In short, beneath the Tungan and the Kashgarian questions there smouldered the Kuldja question. Having now shown how well prepared the Chinese were at every point, how well armed, and how well fed was the tactical unit, and how Russia, although far from indifferent as to the results, was really abetting the side of China, we may pass on to those more active movements which proved that the Chinese generals possessed the ability and military knowledge necessary to make full use of the very powerful weapon which they had created, and which was capable of accomplishing the most arduous of enterprises.

The first move was made south of the Tian Shan. So far as we know, Tso Tsung Tang did not break up from Manas until many weeks afterwards. A brigadier-general, by name Tang Jen-Ho, left Toksoun on the 25th of August, 1877, with the advanced guard, to occupy the outlying villages of Subashi and Agha Bula. He does not appear to have had under him more than a few hundred men. A fortnight later, on the 7th of September, Generals Tung Fuh-siang and Chang Tsun followed after him with 1,500 troops, all infantry. They advanced through Agha Bula, Kumush, and Usha Tal to Kuhwei. At this place the troops were concentrated.

The chief duty of these detachments was to prepare the road for the advance of the main body, to lay in at stated places stores of fuel and water, and to erect temporary fortifications.

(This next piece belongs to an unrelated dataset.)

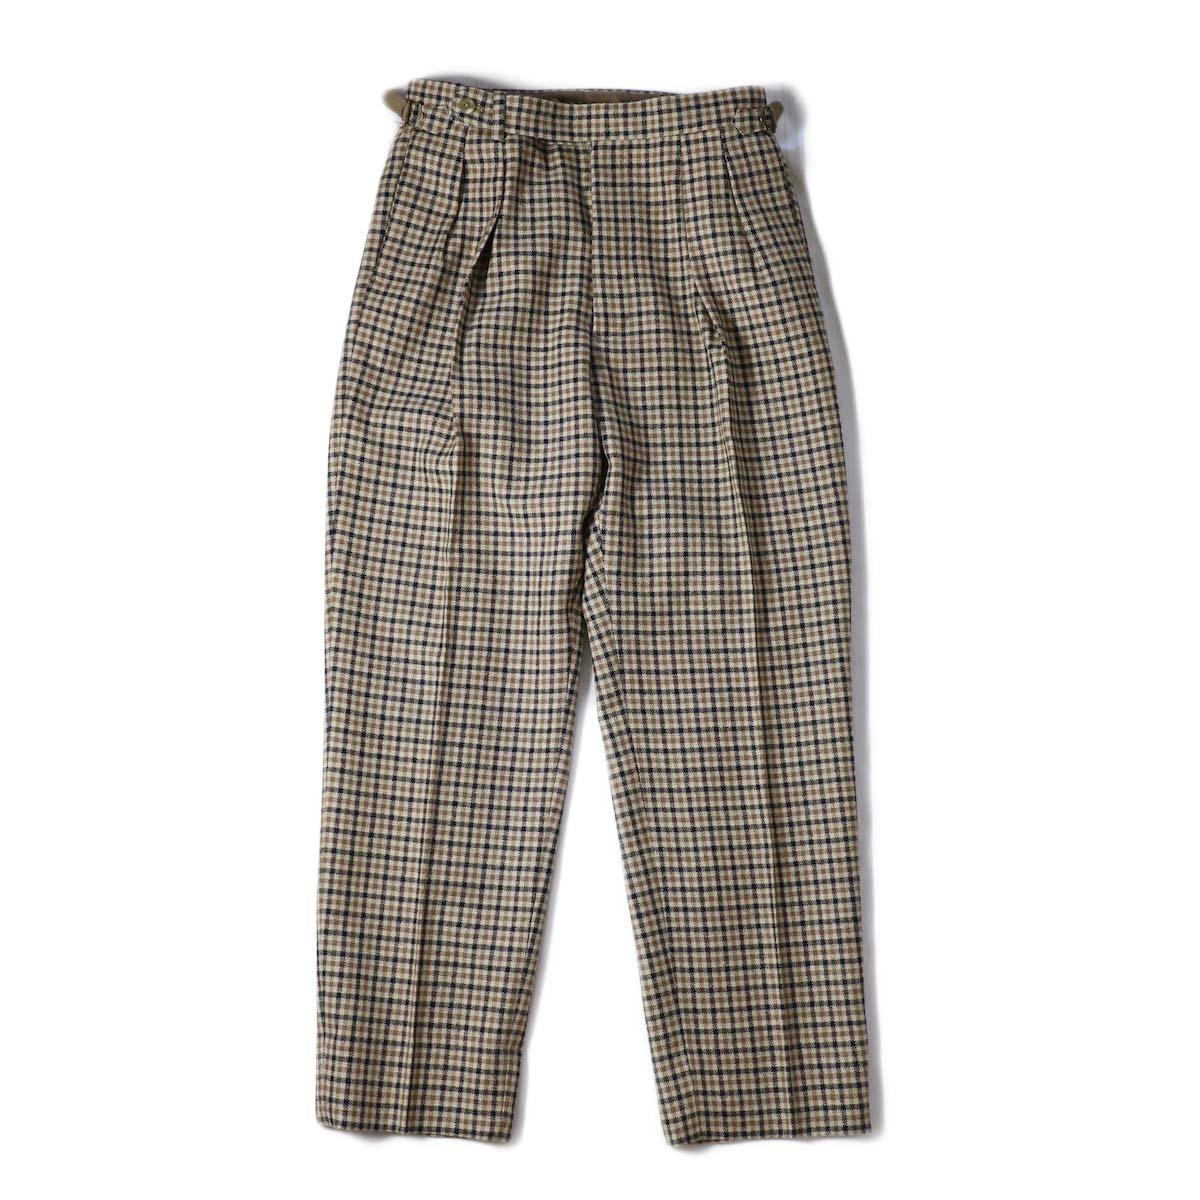 Kaptain Sunshine / Two Pleats Trousers

So thoroughly was this portion of the task performed, that General Kin Shun, now known as Liu Kin-Tang, gave the order for a general forward movement on the 27th of September.

The infantry followed the main road, while the cavalry, under the immediate orders of the general, proceeded by by-paths in the same direction. On the 2nd of October the Chinese army south of the Tian Shan was assembled at Kuhwei. Its numbers were probably about fifteen thousand men all told. On the 24th of September a small force of Kashgarian troops threatened General Tang Jen-Ho’s communications, but on the appearance of the Chinese they “turned tail and dashed away.” The very next day after his arrival at Kuhwei General Kin Shun continued his forward movement. Two brigadier-generals, whose names it is not necessary to mention, were entrusted with one division, 6,000 strong, with which to perform a flanking movement against Korla. The commander in person led his main body against Korla, arriving at the River Kaidu, which flows into Lake Bostang, half-way between Karashar and Korla. But his advance was here checked, as Bayen Hu, the rebel leader, had flooded the country by damming up the course of the river. The depth of the inundation was said to be in the deepest parts over a man’s head, and in the shallowest it came up to the horses’ cruppers. The Chinese march was then changed to a northerly direction, in order to strike the river higher up, where the obstruction raised by the enemy would be more easily overcome. A cart-road was carefully constructed along these alkaline plains, and the Kaidu was dammed to stop the flow from the upper course, and a bridge was erected over it. This detour had caused some delay, yet Karashar was reached on the 7th of October, four days after Kin Shun had set out in person from Kuhwei. The inundation from the Kaidu had spread as far as here, and the town was several feet under water. All the official and private residences had been destroyed alike, and the Turki-Mussulman, as the Pekin Gazette styles them, population had been compelled by Bayen Hu to follow him in his retreat. It would be interesting to know whom the Chinese meant by Bayen Hu, but it is almost impossible to say. As it was not Hakim Khan, the most probable personage would be one of the Tungan leaders, either of Urumtsi or Hamil, who had been mediatized by Yakoob Beg and placed in command of the Turfan region. He appears to have been the commander of that portion of the Kashgarian army which was left round Korla.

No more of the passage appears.